Jungian Archetypes
by Melismata Maiden
Summary: A college roommate calls on a tenuous connection with Jonathan Crane for a favor. T for now.
1. Prologue

Jungian Archetypes

Prologue: Critical Reading

A/N A story for Blodeuedd, so she'll have something of mine to read.

Bernie was about to call in a favor from an old friend…Well, a former roommate. In point of fact, he and Jonathan Crane had scarcely spoken to one another during their shared year spent in the cramped, academic Gothic confines of their shared room at Hoyt College. But Bernie figured that sharing a rather unreliable toilet for a year created a bond that even a complete and utter lack of communication couldn't break. And Rita needed help. And besides, Crane'd helped him before…

Hoyt College Adler House, 10 years Ago

There was a note pinned to Bernie's door, with the thumbtack driven all the way into the wood.

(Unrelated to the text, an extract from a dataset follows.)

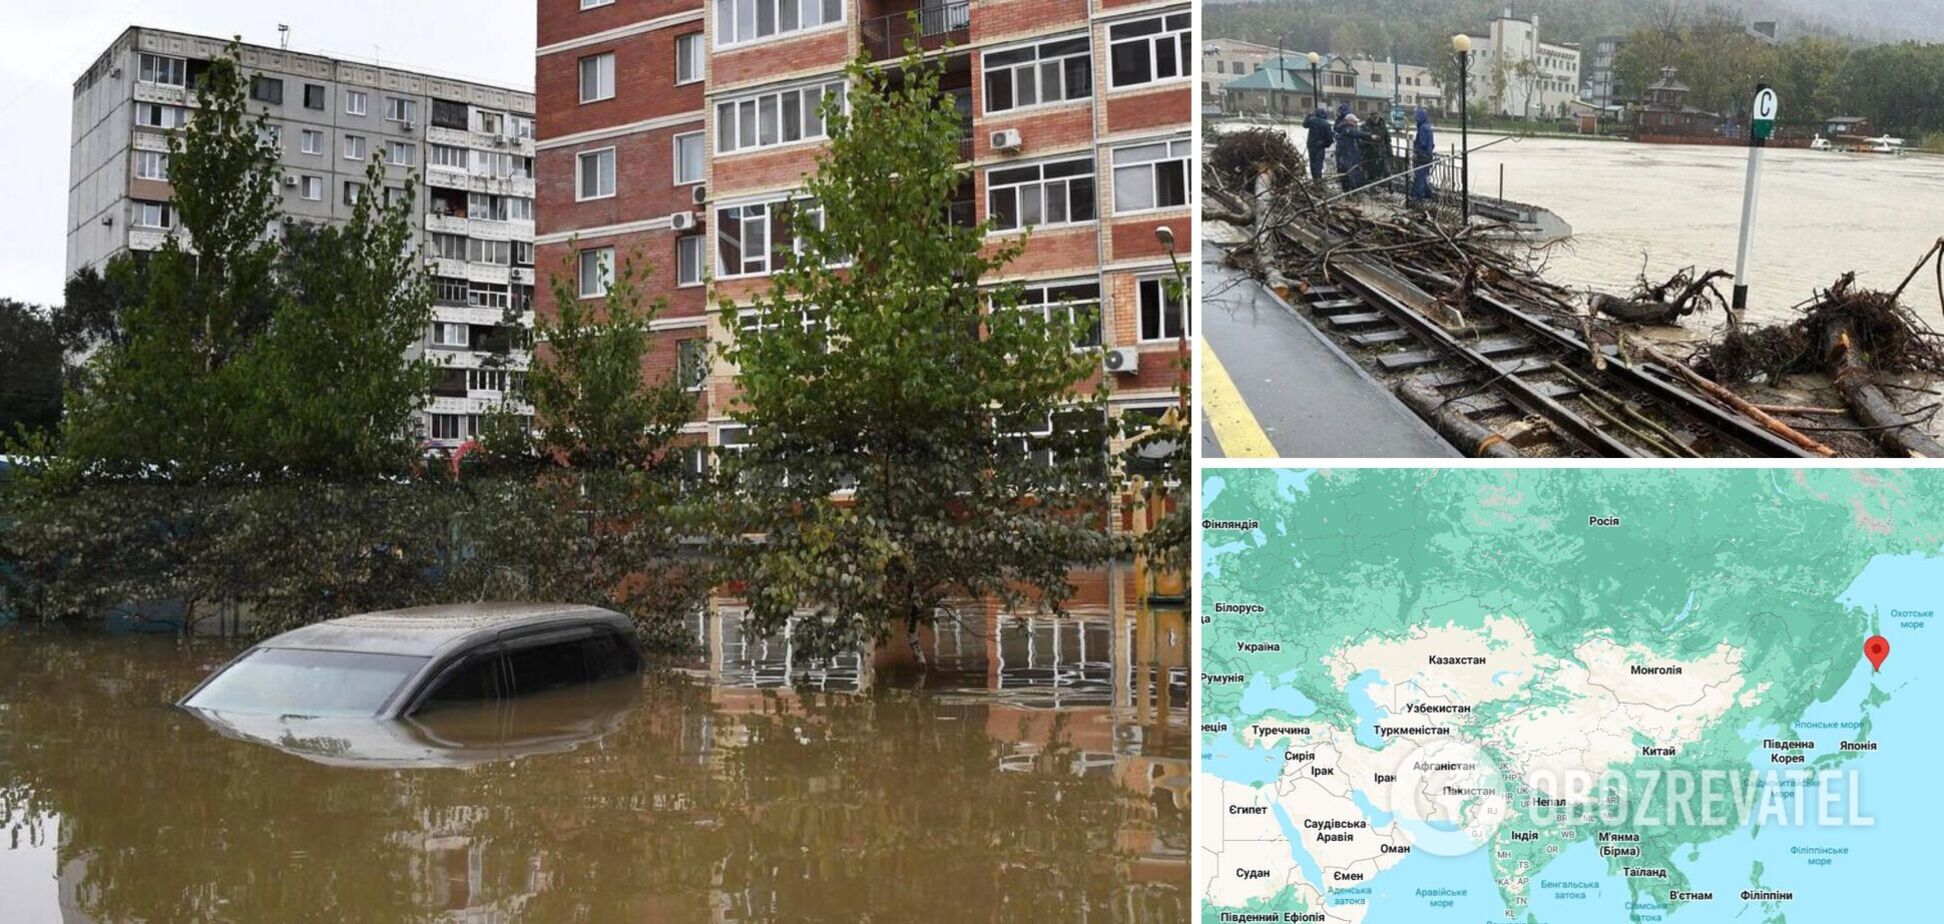 Улицы превратились в реки, тонут авто: российский Южно-Сахалинск затопило из-за мощного тайфуна. Фото и видео

It read:_ Mr. Weibrecht, a young woman named Rita has called these premises looking for you seven times in the past week. A young woman named Candie has also called, also in search of you. Please return the calls of both of these people, so that they cease to disturb the peace of the room. Please also assure this Candie that I do not, nor do I think I ever will, 'want to party,' whether you are absent or not; my avowal to this affect appears to have been ineffective. Your prompt response will be greatly appreciated_. The note was signed 'Crane.' Bernie had simply crumpled the note up and thrown it onto the huge stack of papers which littered one corner of the room. That incomplete from Freshman Lit had finally caught up with him, and he was desperate to finish the damn thing.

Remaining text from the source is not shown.